Rice, Mark. Dean Worcester's Fantasy Islands: Photography, Film, and the Colonial Philippines

By Rodell, Paul A. | Journal of Global South Studies, Spring 2016 | Go to article overview

Rice, Mark. Dean Worcester's Fantasy Islands: Photography, Film, and the Colonial Philippines


Rodell, Paul A., Journal of Global South Studies


Rice, Mark. Dean Worcester's Fantasy Islands: Photography, Film, and the Colonial Philippines. Ann Arbor: The University of Michigan Press, 2014.

In this superb book, Mark Rice applies his specialization in the history of photography in twentieth century America to a detailed examination and analysis of Dean C. Worcester's use of photography in early American colonial Philippines. Rice is not the first to examine Worcester's role in America's Asian experiment in tum-of-the-century imperialism. In the late 1990s, the University of Michigan published a substantial biography of Worcester by Rodney Sullivan that also touched on many of the issues that Rice discusses. Many other authors, such as Paul Kramer, have used this controversial exponent of American expansionism in their studies of American racism and imperialism. Karl Hutterer studied Worcester and the development of anthropological research in the Philippines. Of the previous works that focused on Worcester, Benito Vergara's book Displaying Filipinos is, perhaps, the closest to the present volume. In his study, Vergara explored how Filipinos were portrayed in early colonial photography and the political, cultural and racially charged representations that emerged. In Vergara's study, Worcester loomed large.

If these, and other scholars, have looked at Worcester, is there anything that makes Rice's study unique? The answer is an emphatic yes! Although Rice references these studies in his own work and also uses the extensive Worcester papers housed at the University of Michigan plus other major archival holdings, his study goes deeper into Worcester's photographic activity making a detailed assessment of his entire body of work of over 20,000 photographs, which is stunning even by present standards. Rice shows conclusively how this important American colonial official consciously used his extensive photographic collection that he assembled while he was the colonial regime's Secretary of the Interior as a political propaganda weapon. Rice further contextualizes his analysis by discussing other studies that have examined similar uses of photography by other colonizers in different parts of the world and in the development of the field of anthropology. In this study, Rice builds on the works of others, but also takes our present knowledge to new analytic levels.
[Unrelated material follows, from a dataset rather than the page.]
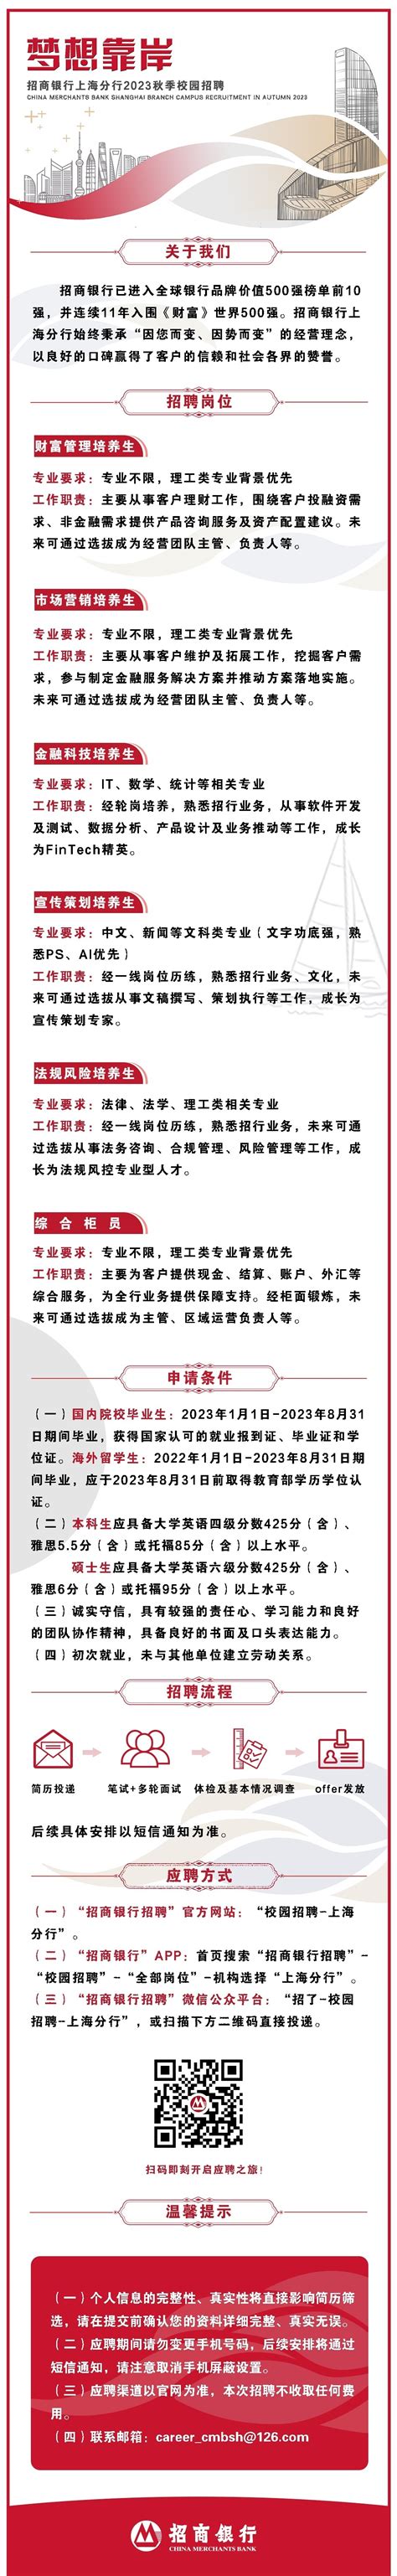 2013年11月16日上海杨浦人才广场大型综合人才招聘会

Worcester's connection with the Philippines began in the late nineteenth century when he first visited as a University of Michigan undergraduate student in zoology. By the time of the Spanish-American War, his Philippine expertise and the articles he wrote for prominent publications plus his book, The Philippine Islands and Their People, caught the attention of a McKinley administration desperate for people familiar with America's new colonial possession. …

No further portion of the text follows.